The other thing J picked out of the three page email was the paragraph where I state that he doesn’t validate feelings. He mentioned this one a few times. I asked if this hurt his feelings and he said no, but I’m wondering why this jumped out at him. He asked me what validating feelings looks like, he gave me a couple of examples which weren’t validating at all. I told him that not only were they not validating, they were actually invalidating. I know he knows what feelings validation looks like, and I guess he wanted to know what it means to me, but I think it means the same to everyone, doesn’t it? I didn’t press the issue and just told him what I thought a good statement would be to validate someone’s feelings: “That must be hard for you.” Not: “You’re not a bad person, you do x, y and z, and you should do a, b and c to make yourself feel better.” I hate that. Then not only does a person feel bad about something, but they feel wrong about feeling bad. What’s wrong with saying, “That must be hard for you.” I told him that a statement like that makes me feel that someone has empathy for me, that they understand I am feeling badly, that they are not judging me, and that they are there for me. All that from six words.
J said he doesn’t validate feelings. Yes, I know that, I figured it out pretty quickly. I didn’t like it, but I got used to it. He says it doesn’t serve any purpose to validate feelings; I guess in the long run it doesn’t fix anything, but it can make a person feel understood. That’s something, I think. I validate feelings a lot on the hotline, but I’m not doing therapy. He does a lot of normalizing feelings, which I don’t care for, but I know it’s helpful for other people. We didn’t get into that.
And we talked about whether it is necessary for a person to have their feelings validated, I said I didn’t think so, it’s just a nice thing. He said I could validate my own feelings. Sure, maybe one day. In a different galaxy. But it’s something to work towards.

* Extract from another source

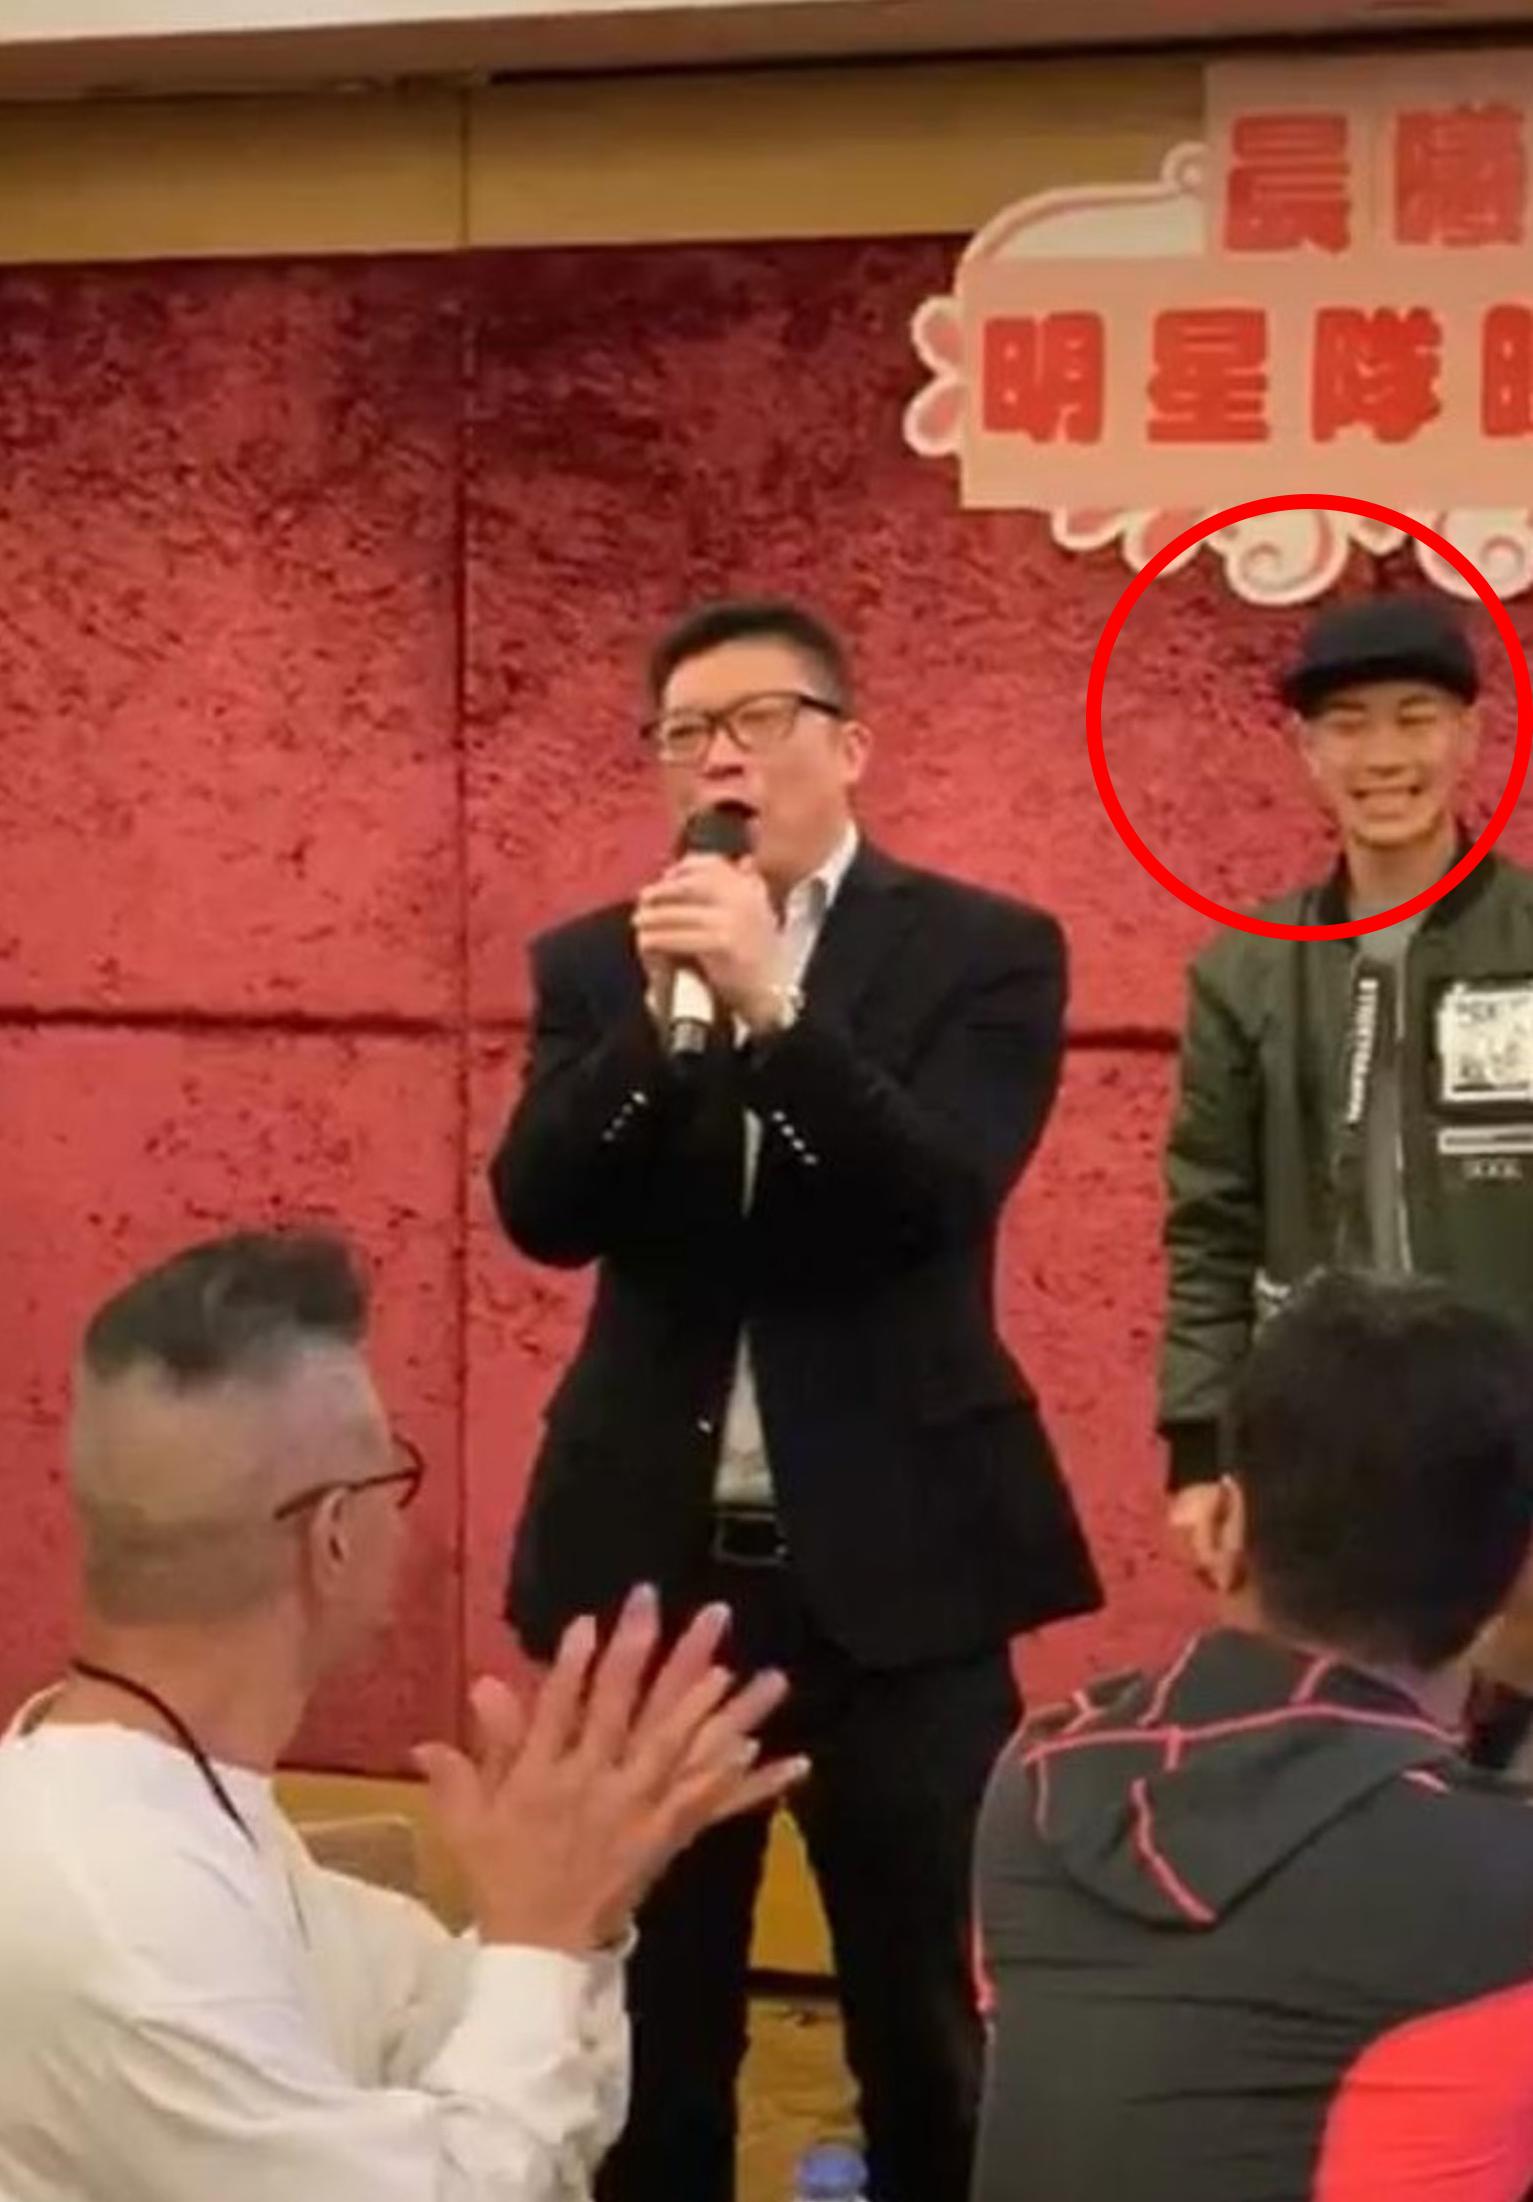 羅鈞滿有份出席警隊明星飯局 網民灌爆IG:你個CSI口罩點嚟?

I gave J my collage. One thing he does that is so different from me is that he focuses on every little detail. Like he saw that there were 12 photos, and he said the photo in the middle was significant and the placement of the photos was significant. When actually the placement of the photos was dependent on the shapes of the borders in the collage, including the photo in the middle. He doesn’t really see the big picture, not at first anyway. He was trying to discern what each photo meant, when really it was overall theme I was going for. I thought the collage would help him understand my mind, but I don’t think it worked.
So that was it for today, nothing terrible to feel badly about which is nice. I would love to get advice on what to do about making my blog available to J.